Leading Individual Contributors
| Factor | China ARD (95% CI) | China AP | UK ARD (95% CI) | UK AP |
|---|---|---|---|---|
| Cigarette smoking | 111.87 (95.38–128.00) | 51.75% | 12.49 (1.82–24.39) | 6.26% |
| Heavy alcohol drinking | 32.64 (24.61–40.43) | 15.10% | Not specified in source | Not specified in source |
| Chronic liver diseases | 21.72 (17.68–26.24) | 10.05% | Not specified in source | Not specified in source |
| Low fruit intake | 21.42 (11.53–31.42) | 9.91% | Not specified in source | Not specified in source |
| Obesity | Not specified in source | Not specified in source | 15.34 (6.06–24.08) | 7.68% |
| Diabetes | Not specified in source | Not specified in source | 7.00 (3.39–10.56) | 3.51% |
In China, metabolic factors including obesity and diabetes contributed minimally to the gap for non–sex-specific cancers combined; in the UK, contributors were dominated by metabolic rather than behavioral exposures.
Safety Profile
Not applicable — this is an observational cohort study with no therapeutic intervention, and no adverse-event data were reported.
Interpretation and Broader Context
Reducing cancer sex disparities may require prevention strategies tailored to population contexts.

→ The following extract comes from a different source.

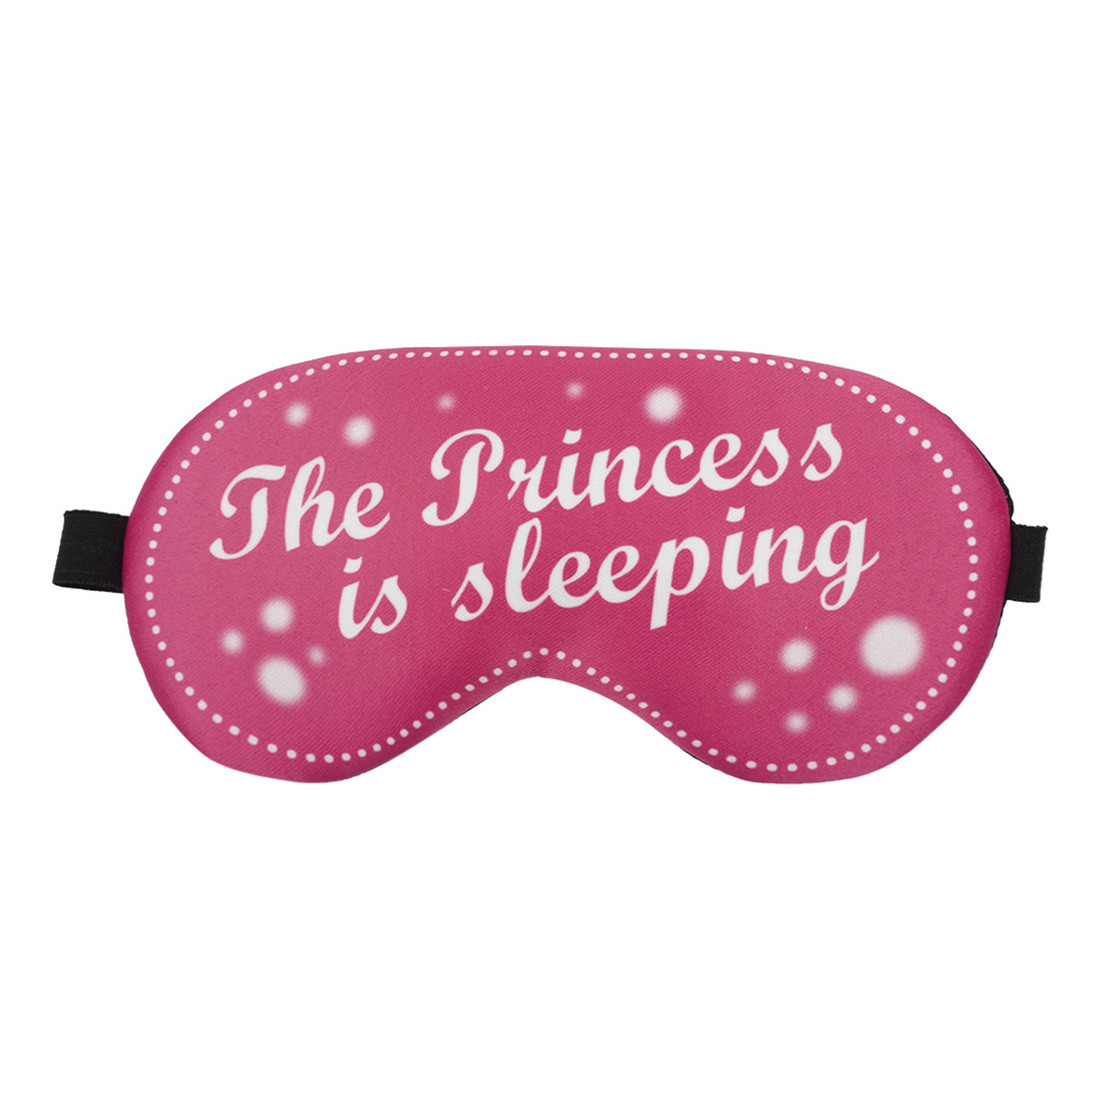 Crazy Corner The Princess Is Sleeping Eye Mask/Printed Eye Mask/Sleeping Mask/Travel Eyemask/Eye Mask For Girl/Eye Mask For Women (7.5 x 4 Inches)

The authors write that in China, targeting tobacco and alcohol control among males could be a potential priority; in the UK the measured factors explained only a modest proportion, underscoring the need to investigate unmeasured occupational and environmental exposures and intrinsic biological determinants. Sensitivity analyses (10-year PAFs, multiple imputation for physical activity, Fine-Gray competing-risk models) were reported as concordant with the primary analysis. The ARD estimates are quantitative attributions under model assumptions and do not represent definitive causal partitions.
Limitations
Limitations noted by the authors: observational design with residual confounding and reverse causation; sex structurally confounded with cohort and calendar time in the Chinese analysis; baseline-only, self-reported exposures; no data on occupational exposures, air pollution or infectious agents; participants aged 40–74 at baseline; urban Chinese and predominantly White European UK Biobank samples.